New sanctions make growth
problematic, as does the tripling of capital flight from the country compared
to 2017. The finance ministry has managed to reduce the ruble’s dependency on the
price of oil, but it has not been able to do the same with regard to
sanctions. As a result, the ruble has
fallen 20 percent against the dollar and the euro in the past year.
This devaluation has led to an
accelerated growth in consumer prices, even as incomes continue to fall. There was the beginning of a bank panic but
higher interest rates appear to have blocked it for now. And the result of all these things has been
economic stagnation of such an extent that all efforts to boost production have
failed.
The government has no idea how to
cope because its economic program is based on organizing an investment boom,
something it cannot hope to achieve without changing other policies, and because
it is not prepared to change any of them because it views modifications and concessions
domestically and internationally as “unacceptable.”
There has been some modest
growth in some sectors, but none at all in others, Shelin continues. The standard of living of the population is
declining so there is no possibility of a consumer-driven revival, and the
oligarchs are prepared to lead it only with government-supplied funds. Thus,
the most optimistic projections are that 2019 won’t be much worse than 2018.But that is the most optimistic, the commentator says; and there are good reasons to think the situation will be worse especially if the government tries to continue exactly the same policies it has been using the past 12 months.

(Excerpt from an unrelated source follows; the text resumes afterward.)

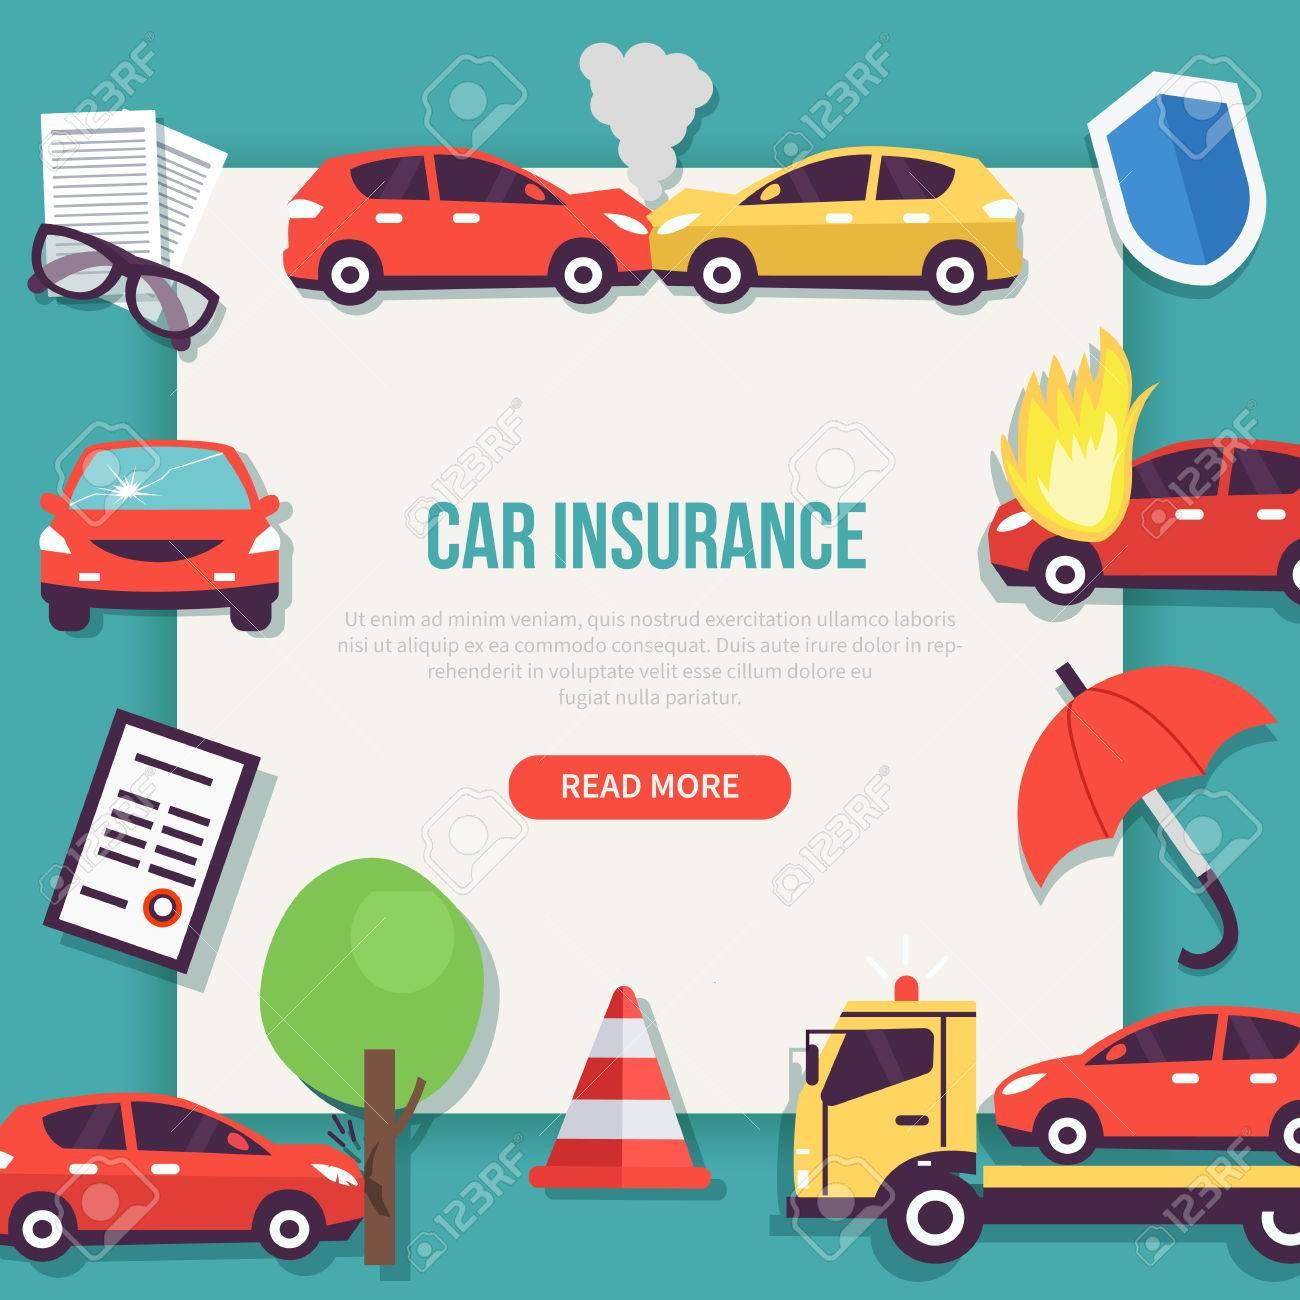 Types Of Car Insurance >> Car Insurance Web Banner Types Of Insurance Cases Vector Illustration
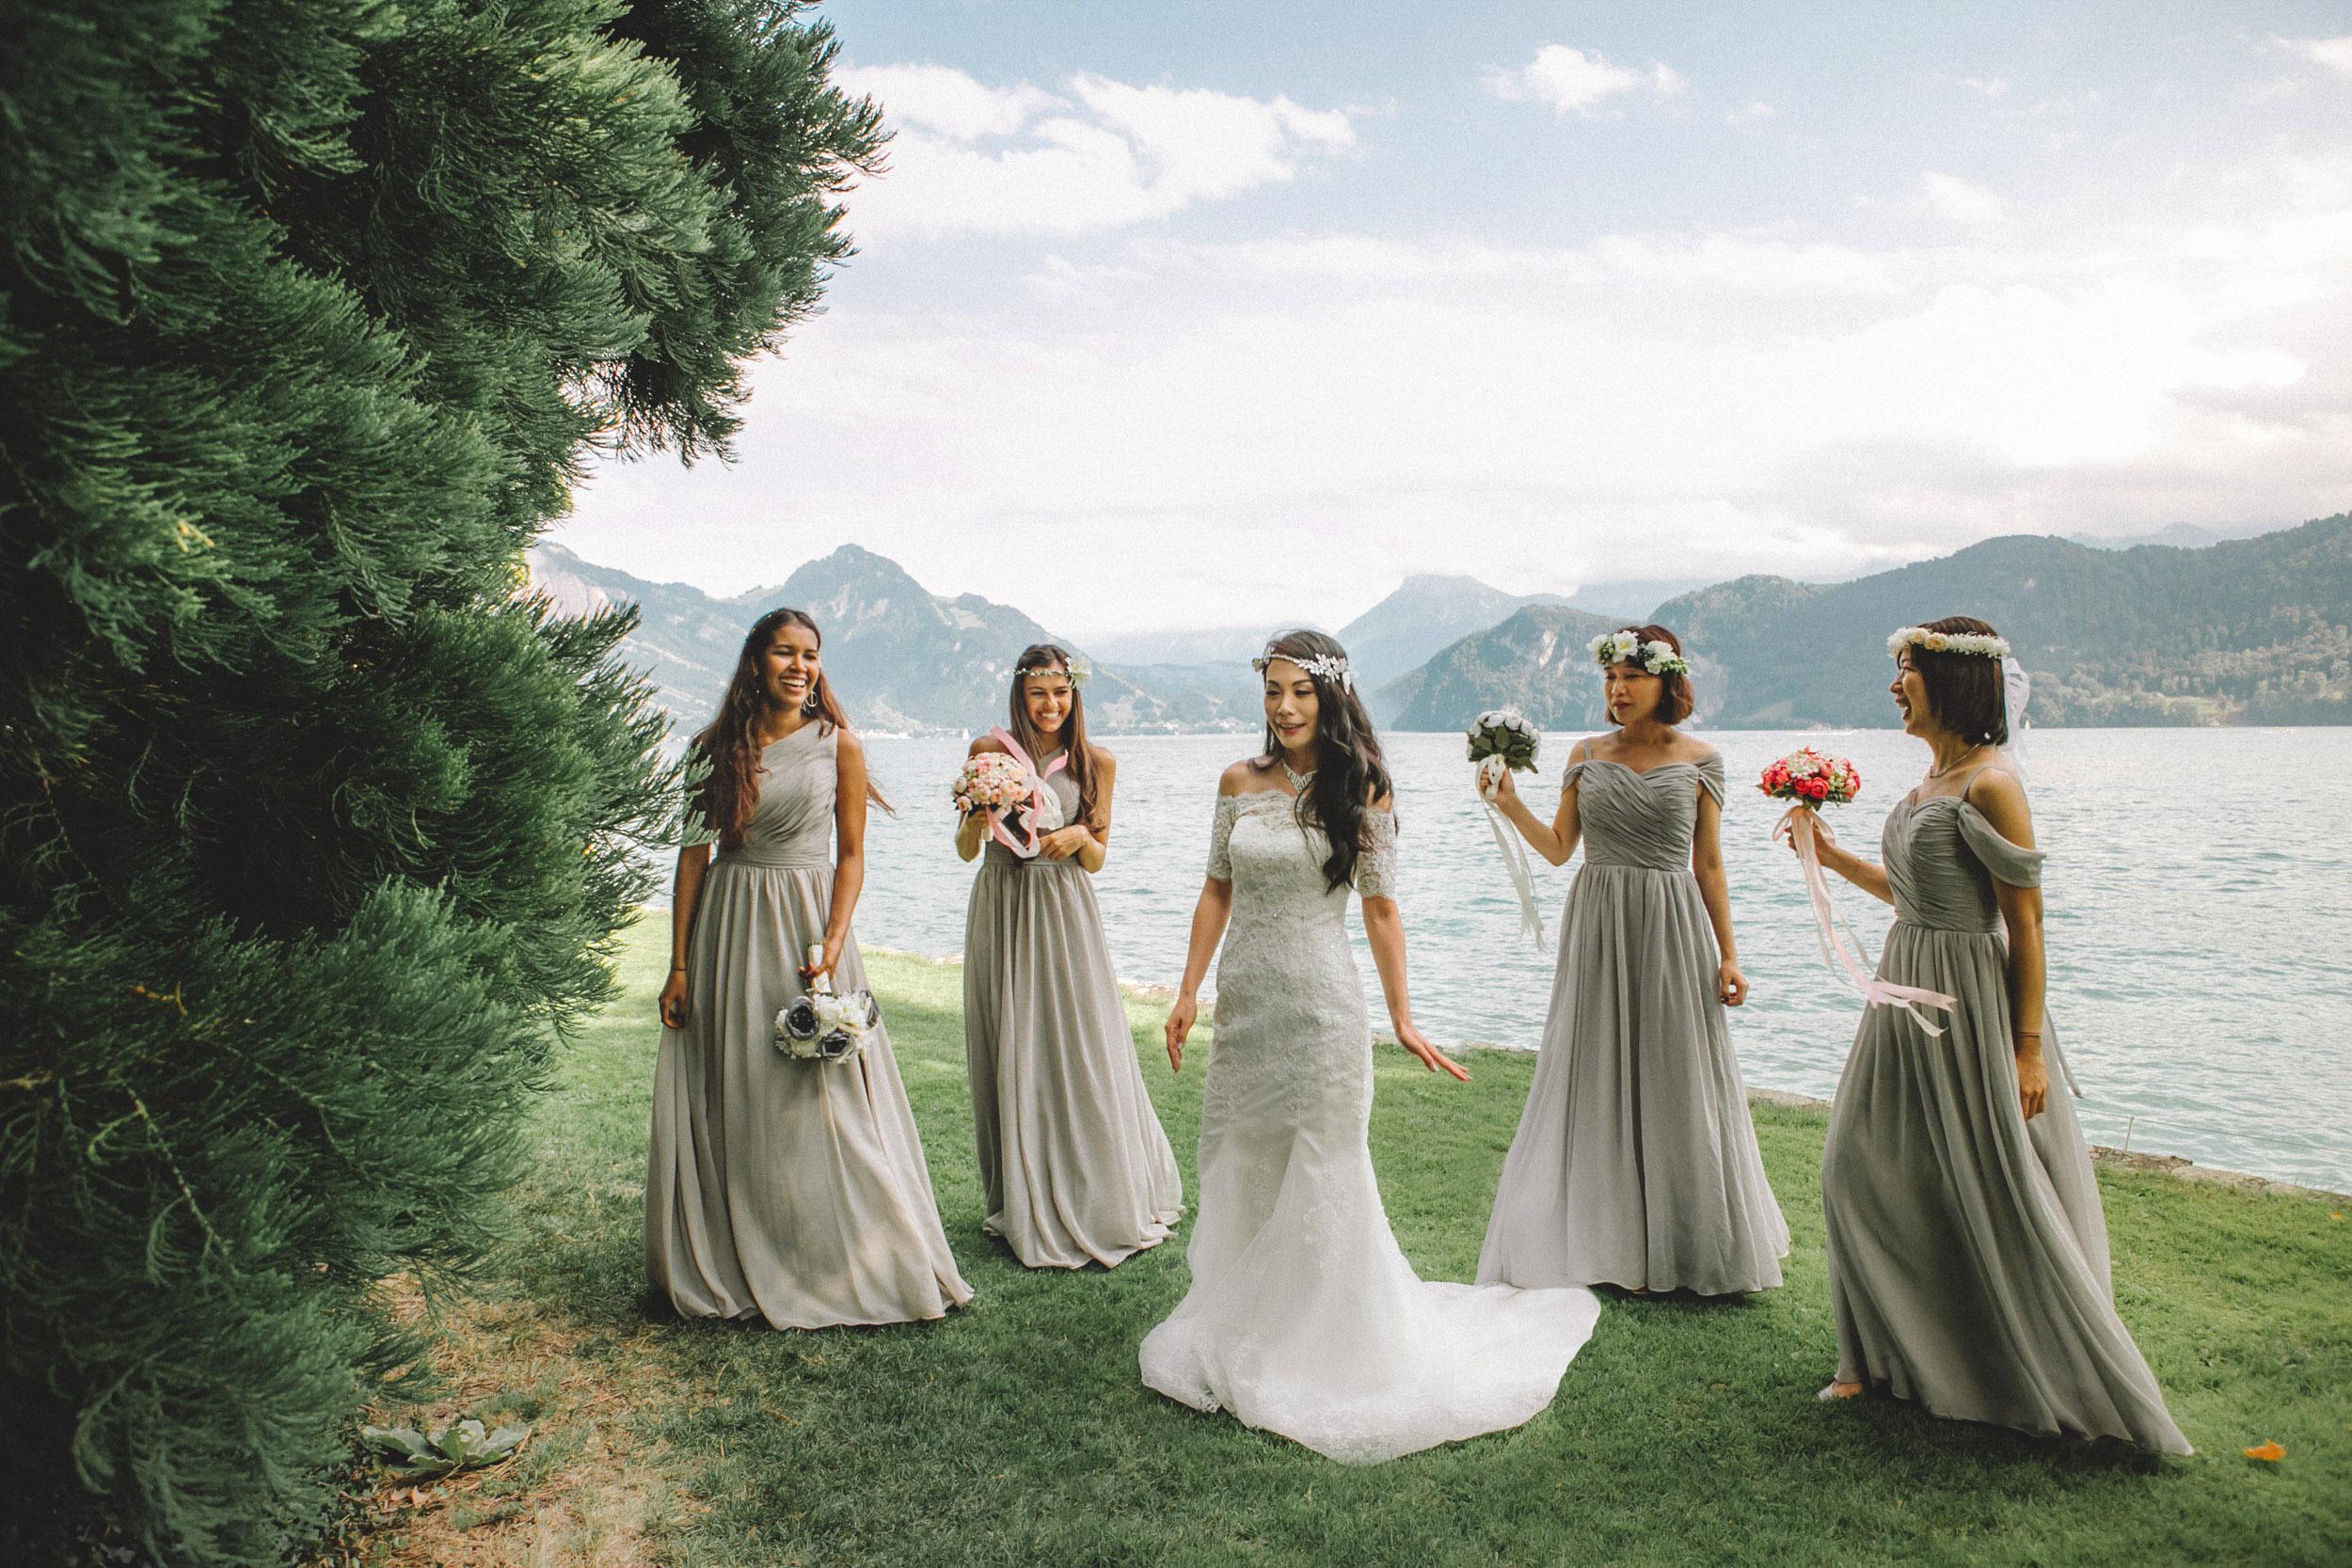 hochzeitsfotografie-schweiz_wedding-photographer-switzerland-europe_Bendik-Photography-021

Oil prices are unlikely to rise, although Moscow has enough reserves to weather even a serious decline. “In normal circumstances then, this would not be critical.” But “much more serious misfortunes will occur if there are sanctions on the banking system” and if the regime continues to squeeze population, taking more and giving back less.
Instead, things are likely to get worse across the board. And that is all the more so because “there are today no obvious reasons on view by which trust will be able to grow.” More likely, it will continue to fall. And that will make any step in the future like those the regime has taken already both more difficult and more politically dangerous.
Indeed, Shelin concludes, “to continue into 2019 the economic course which exhausted itself already in 2018 is a quite risky proposition.” The Russian powers that be think that they can do what they have once again because they did it once before, but while it is possible they may be right, it is equally or even more likely that they are not.